- _Problem details_: Copy each line, word for word, from the one with "clipart man with" through the final line of the listing, but skip the pictures.
*** Given information ***
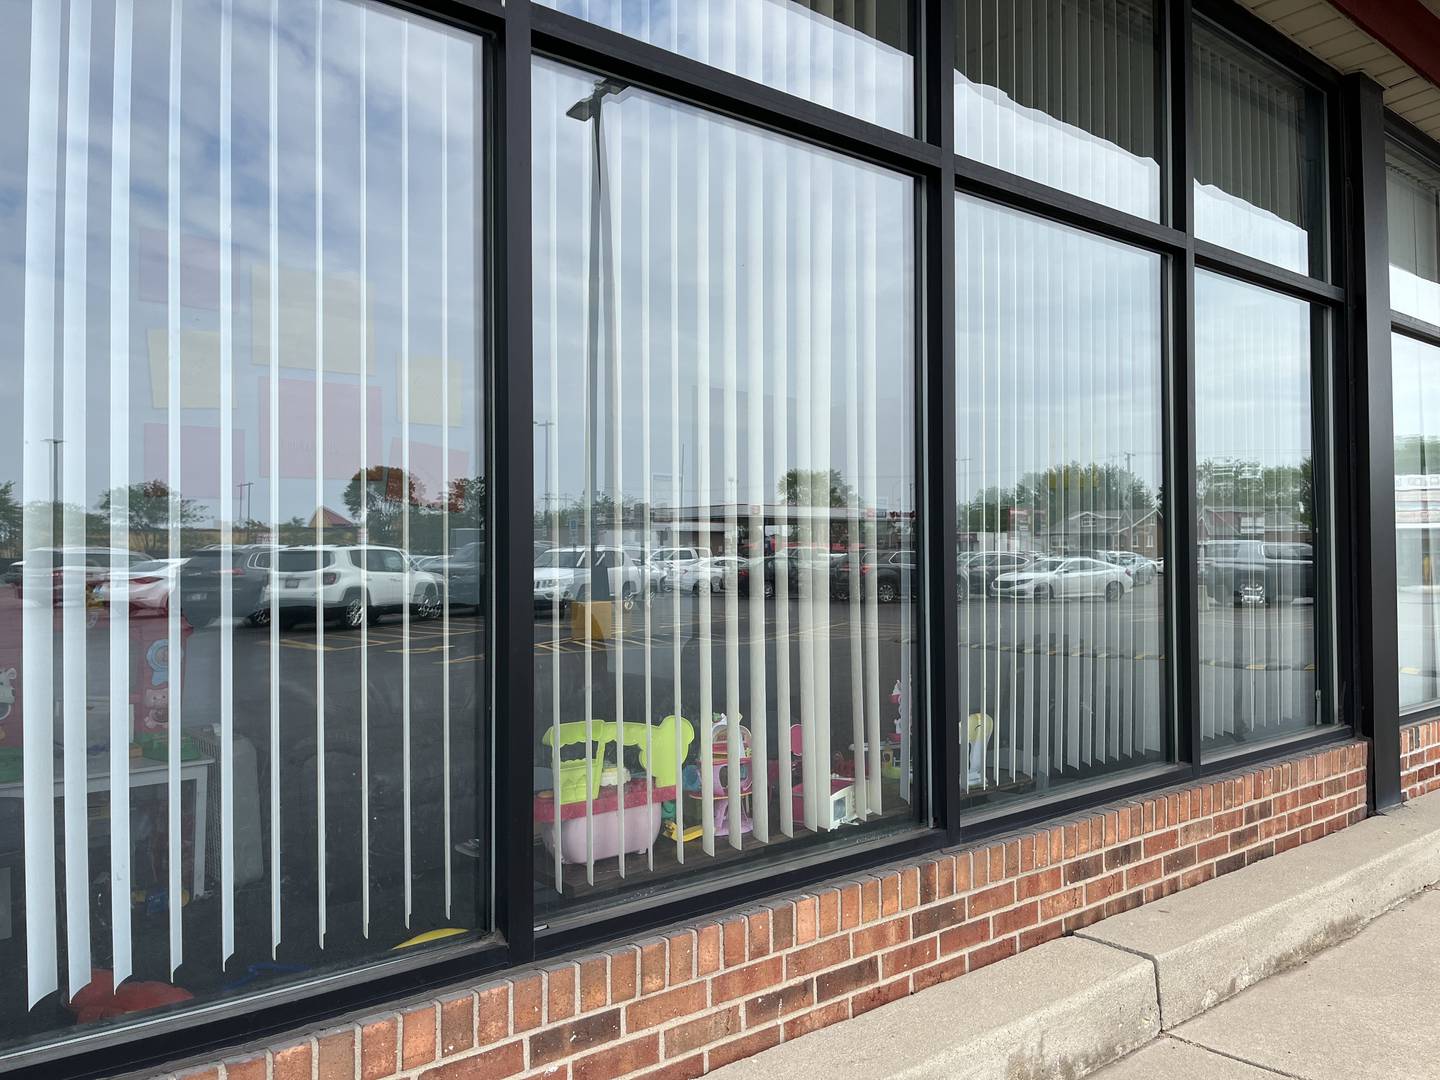 A window to the Joliet office for the Illinois Department of Human Services, 1619 W. Jefferson St., seen on Tuesday, May 24, 2022. A shooting reported on Saturday, May 21, 2022, caused damage to the windows to the building.
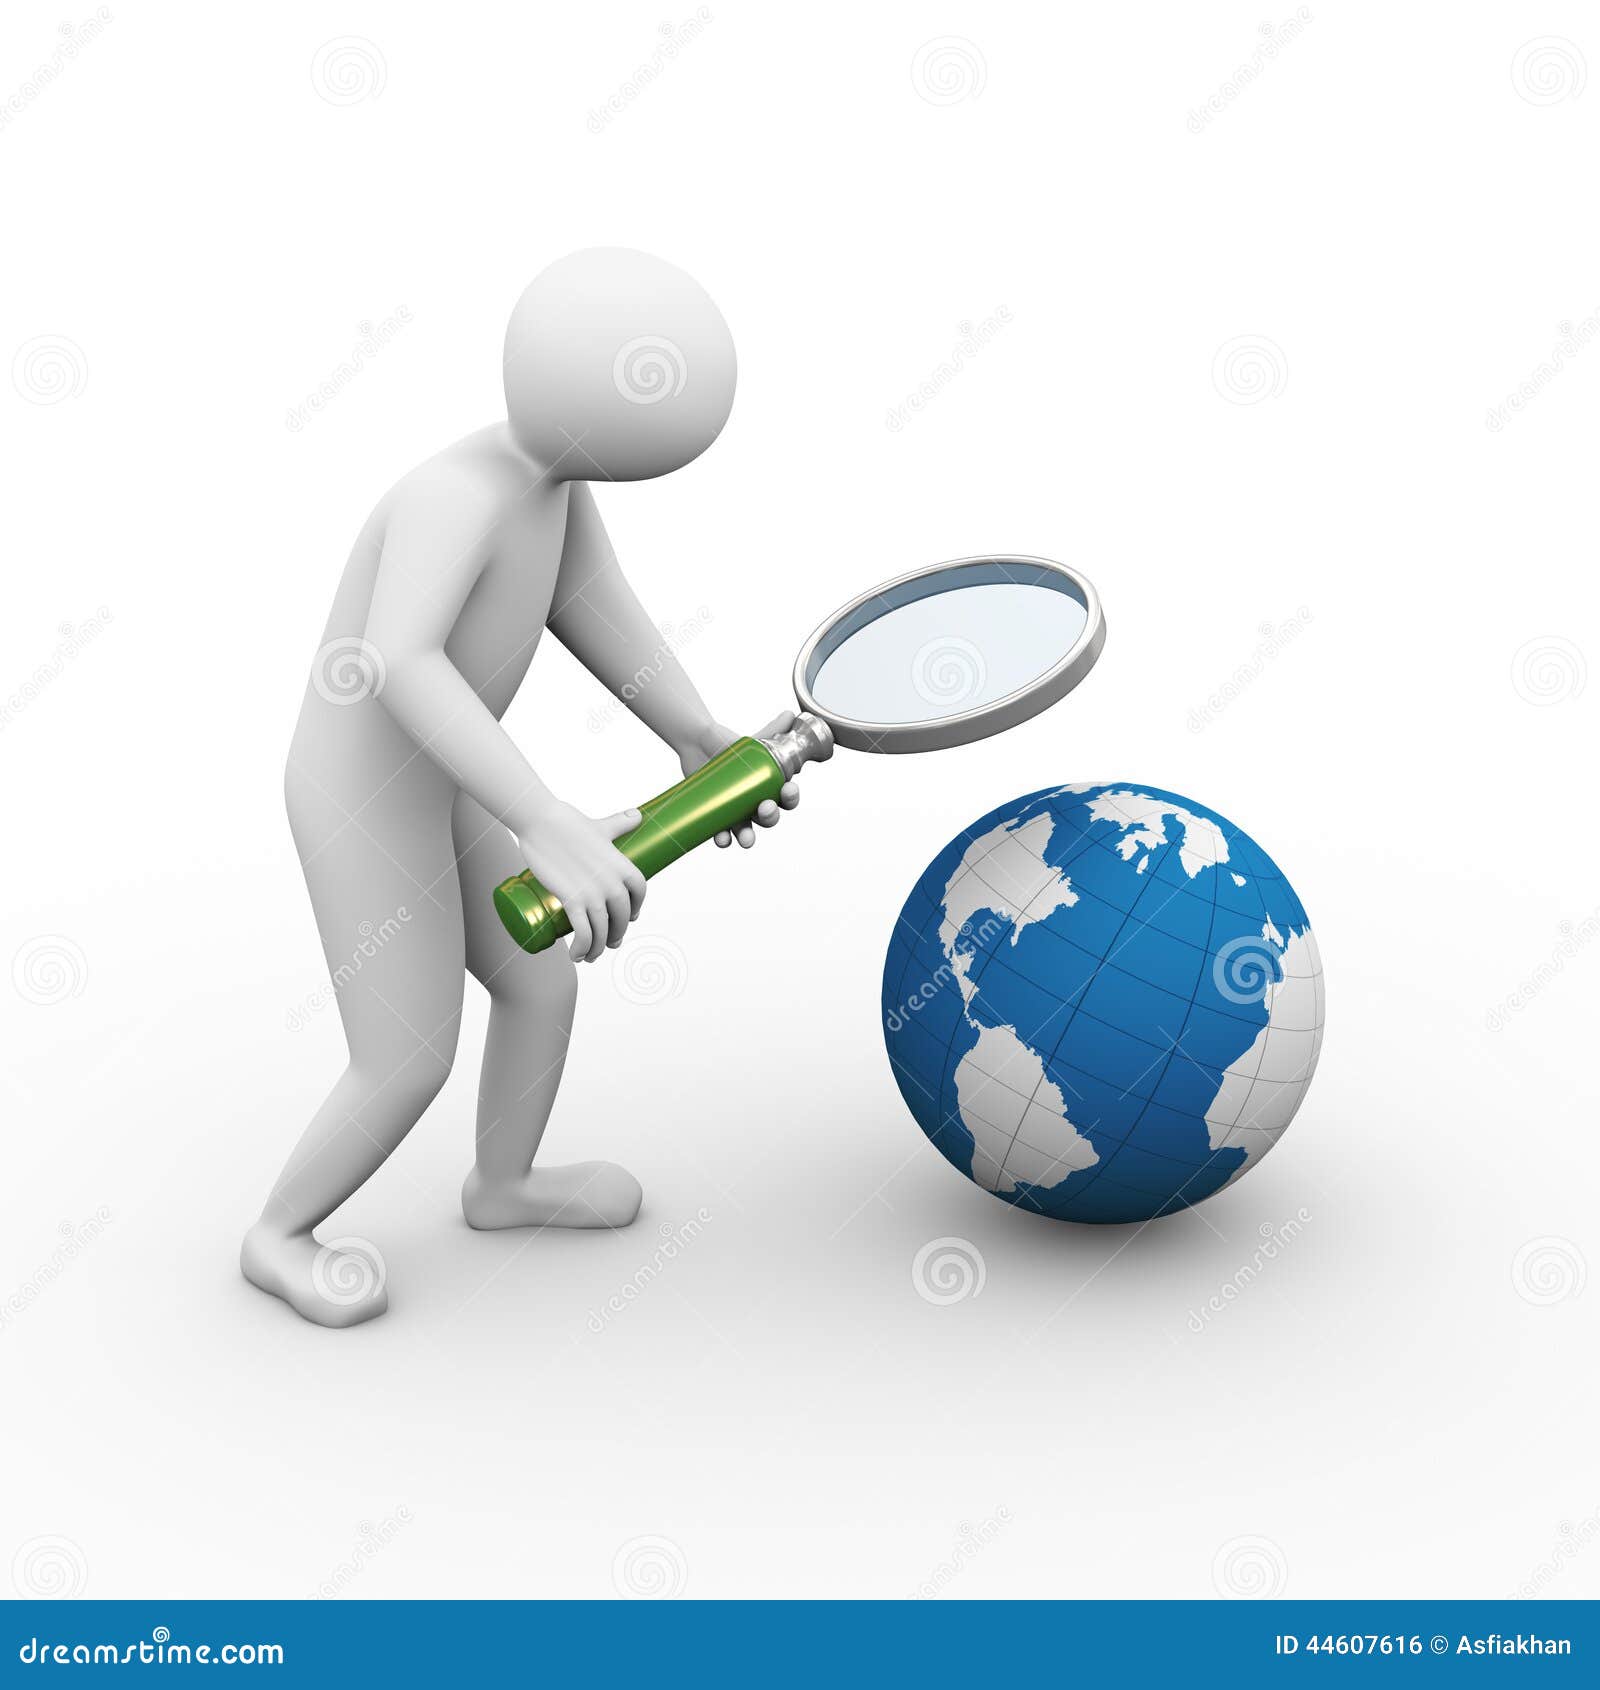 clipart man with magnifying glass - photo #44
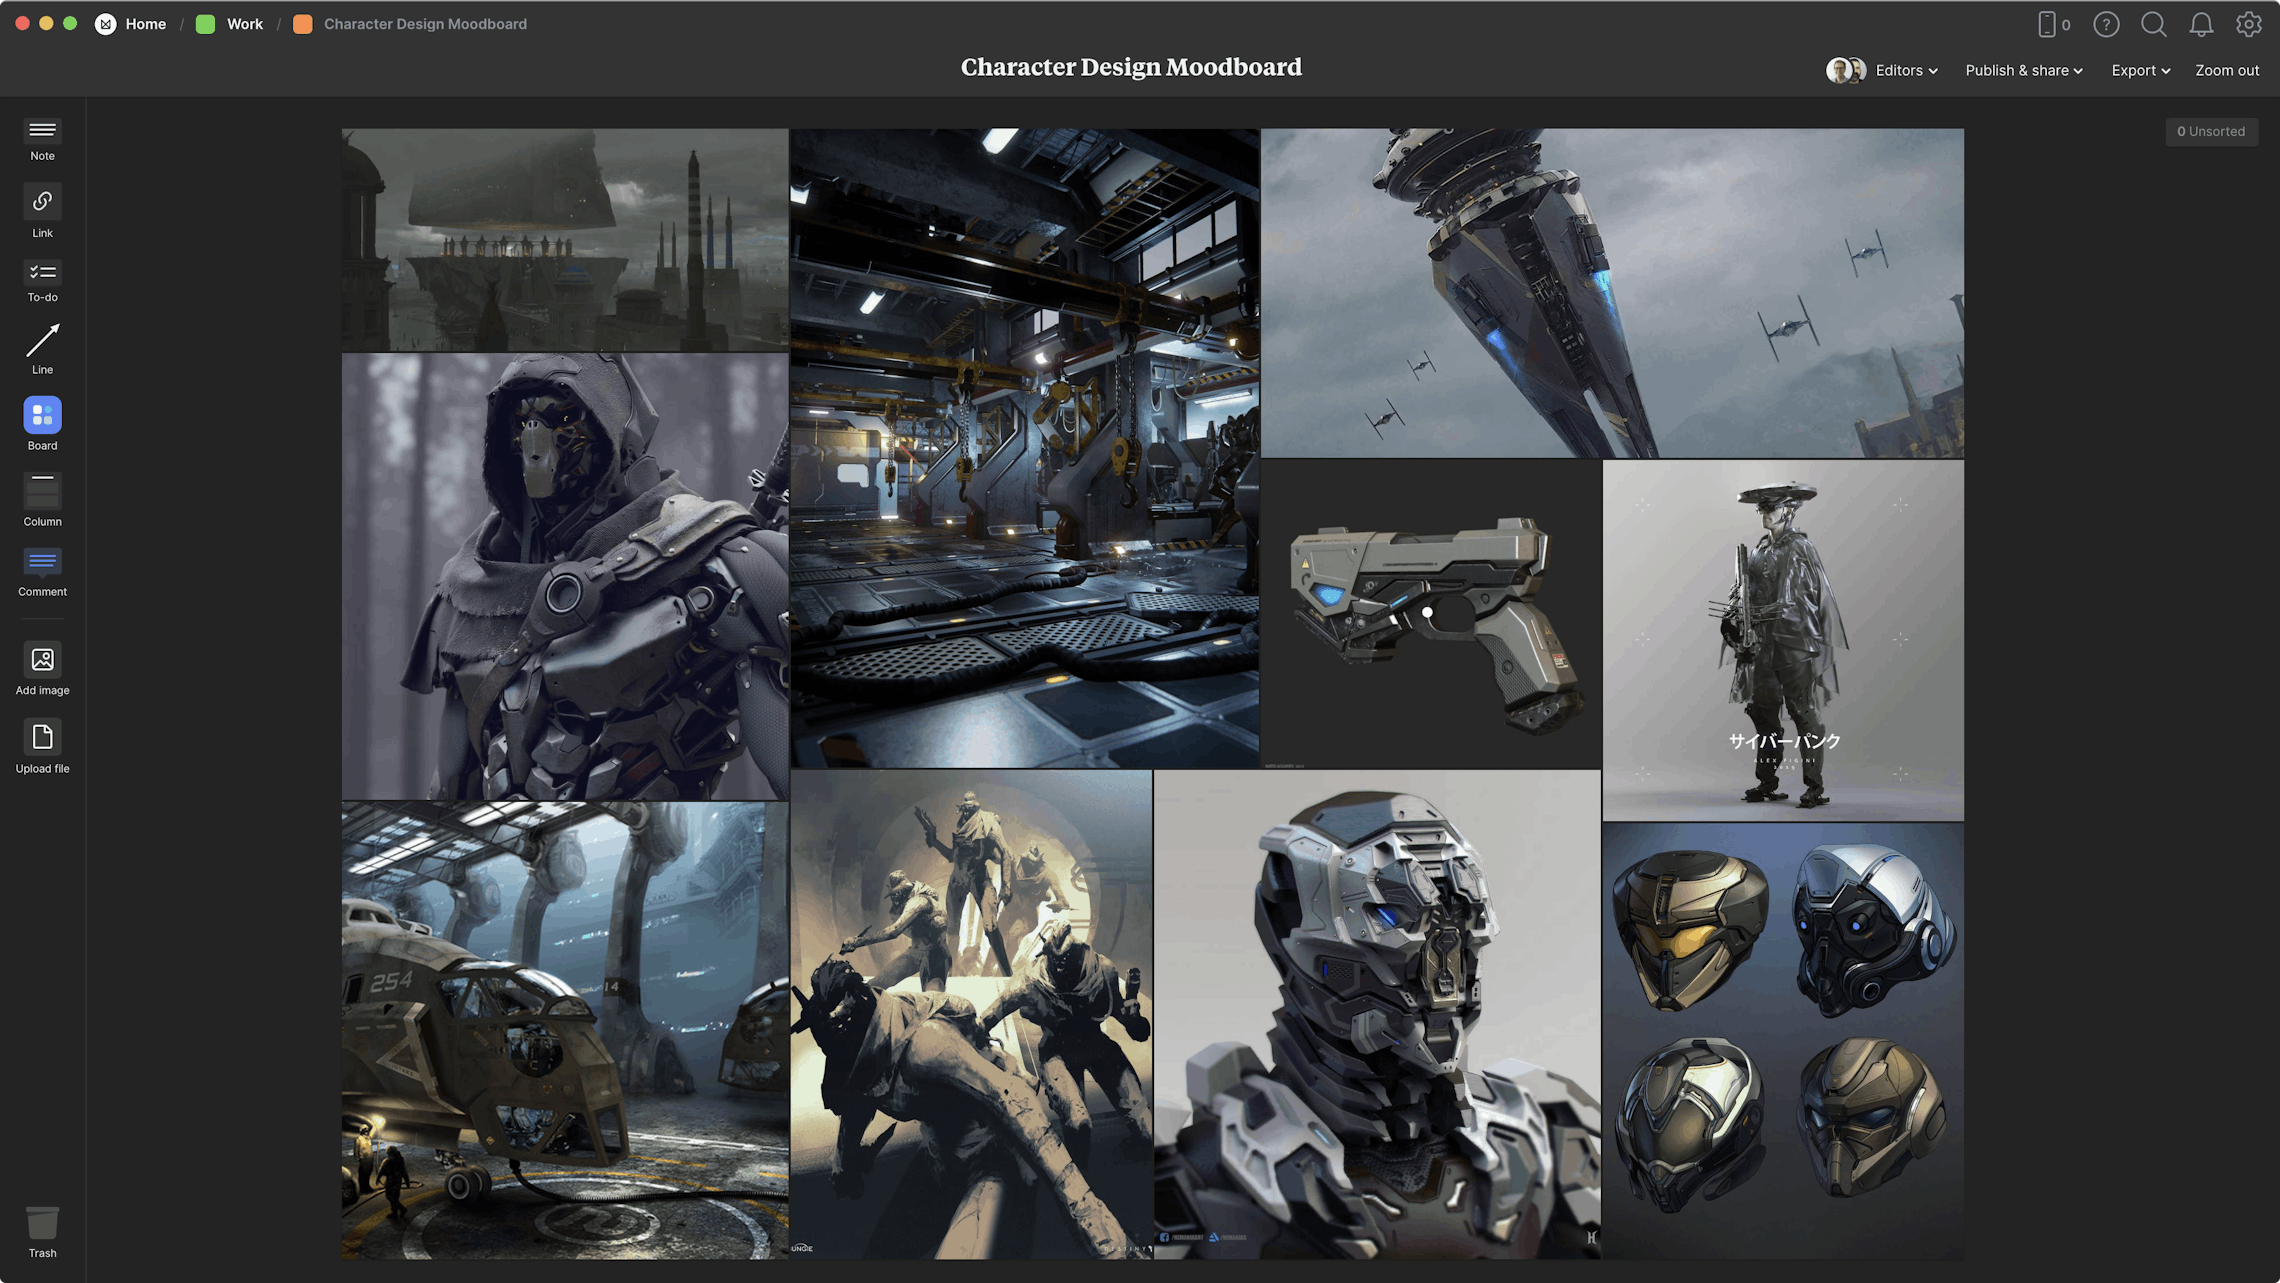 Character Design Moodboard Template & Example - Milanote
*** End of Given information ***
- _Solution to this problem_:
 clipart man with magnifying glass - photo #44
 Character Design Moodboard Template & Example - Milanote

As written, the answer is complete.